The next Patent-Term-Adjustment (PTA) challenge appears to be simmering.
The ordinary term of a patent is twenty-years from the original patent application filing date. The first several years of that term are generally worthless because they are spent prosecuting the application. The Patent Act provides for a patent term adjustment in cases where the patent prosecution process is unduly slow. With the current USPTO backlog, about 80% of issued patent receive some term adjustment. The average PTA for recently issued patents is just shy of two years. Thus, any discussion of the US twenty-year patent term must consider the real impact of PTA. In Wyeth v. Kappos, 591 F.3d 1364 (Fed. Cir. 2010), the Federal Circuit held that the USPTO had been substantially under-calculating the PTO due to patentees. That change boosted the average calculated PTA by about six-months.

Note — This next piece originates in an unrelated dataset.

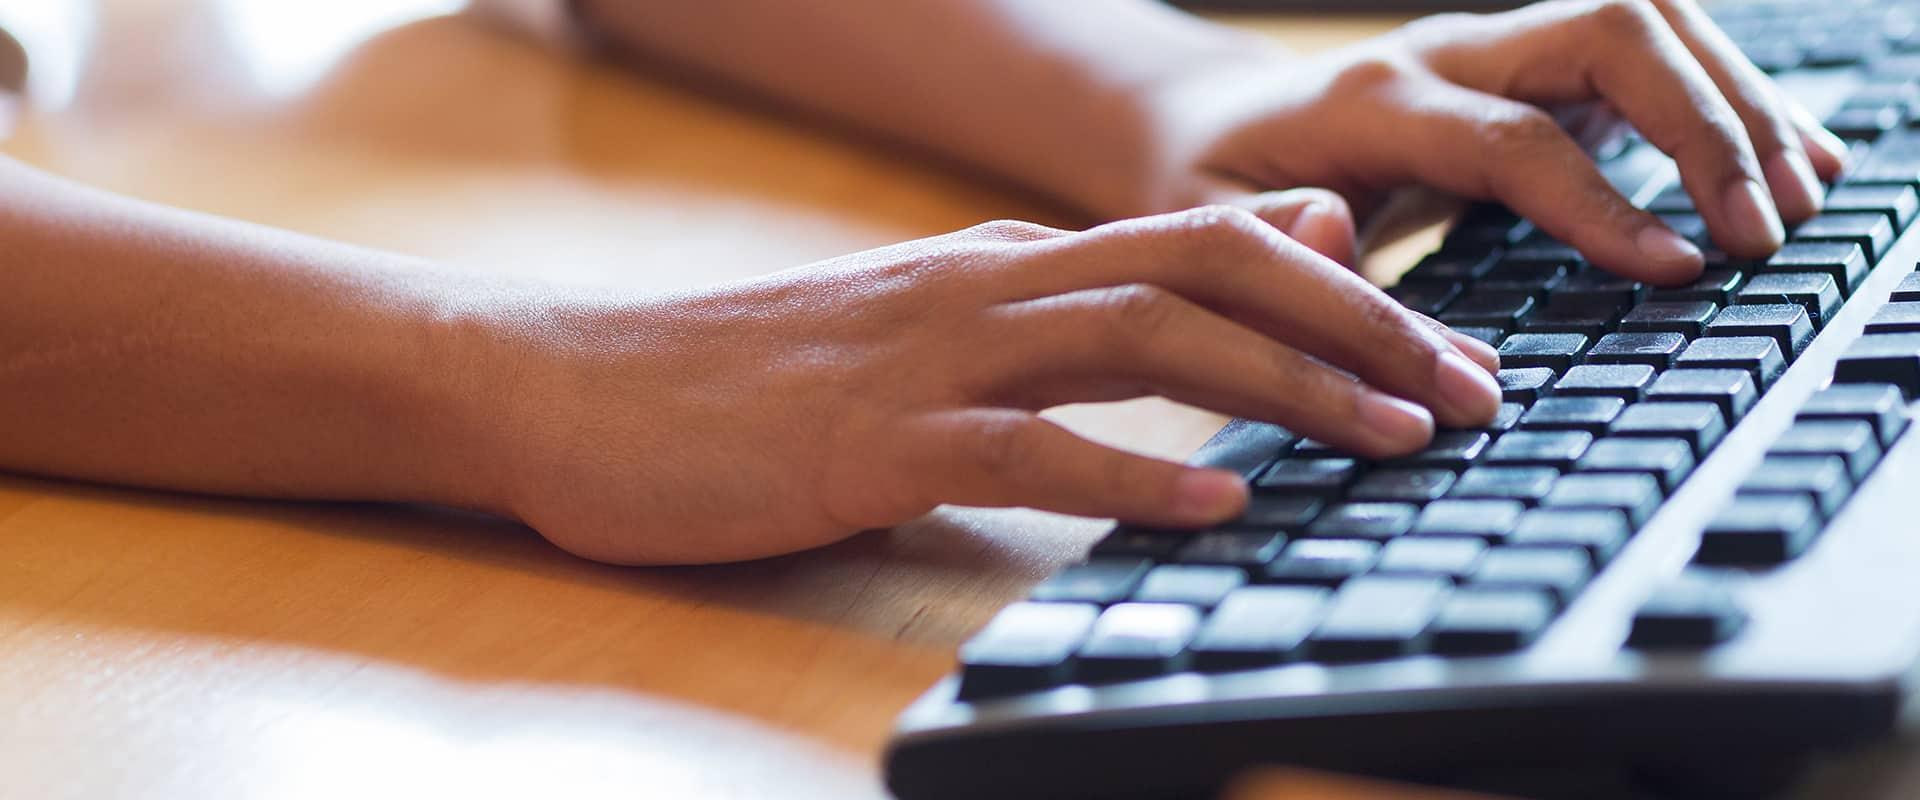 a person typing on a keyboard in kill devil hills north carolina

Now, a new PTA challenge appears to be brewing in relation the dramatic increase in the number of appeals to the Board of Patent Appeals & Interferences (BPAI). There is typically a fairly long delay between (1) the point that a patent applicant files a notice of appeal and (2) the point that the appeal is docketed at the BPAI. That delay is due to a lengthy briefing and review period. The patent examiner maintains control over the case during that entire briefing period. It turns out that the majority of appeals never actually reach the BPAI. Rather, the most common occurrence is that at some point during the briefing-period the patent examiner withdraws the appealed rejection and subsequently either issues (1) a notice of allowance or else (2) a new rejection.
The brewing patent term adjustment issue involves how to account for the prosecution delay when a patent applicant appeals a rejection that is later withdrawn prior to a BPAI decision . The delay from notice-to-appeal to withdrawal-of-rejection is often around eight months.
PTA calculations are somewhat complex. 35 U.S.C. 154(b)(1) divides the "patent term guarantee" into three parts: (A) adjustments for delayed USPTO office responses; (B) adjustments for application pendency of more than three years; and (C) adjustments for delays due to appeals, interferences, and secrecy orders. Each Part considers aspects of appeals to the BPAI: Part (A) accounts for any USPTO delay that is more than four-months in responding to "an appeal taken under section 134" or to a decision by the BPAI where allowable claims remain; Part (B) states that the three-year pendency guarantee does not include "any time consumed by appellate review by the Board of Patent Appeals and Interferences or by a Federal court;" while Part (C) accounts for time in appellate review, but only if "the patent was issued under a decision in the review reversing an adverse determination of patentability."
In recent papers, the USPTO petitions office has rejected any PTA for the situation discussed above – where the applicant files a notice of appeal and appeal brief but then the examiner withdraws the rejection, so long as the withdrawal occurs within four-months of the appeal brief filing date. Running through the three-parts, the PTO argues that: Part (A) does not apply because the response to the appeal occurred within four months of the appeal brief. (37 U.S.C. §1.703 specifically interprets "appeal taken" to mean filing of the appeal brief rather than notice of appeal.) Part (B) does not apply because the USPTO interprets every day subsequent to the notice of appeal as being "consumed by appellate review." Finally, Part (C) does not apply because the board did not reach a decision.
Wrong Interpretation: The PTO's interpretation of the statute is not clearly right and is probably wrong because of the inconsistency in how the Office interprets the timing of BPAI review and because the current interpretation frustrates the "guarantees" provided in the statute. In particular, for Part (A) the USPTO states that an appeal is "taken" (and PTA counting-started) only after the applicant files the appeal brief while for Part (B) the USPTO states that time is being consumed by appellate review (and PTA counting-delayed) as soon as a notice of appeal is filed. The better interpretation is that "appellate review by the Board" for Part (B) does not begin until after the examiner answer. Certainly, until that point, the case-file remains under the examiner's control and not under review by the Board.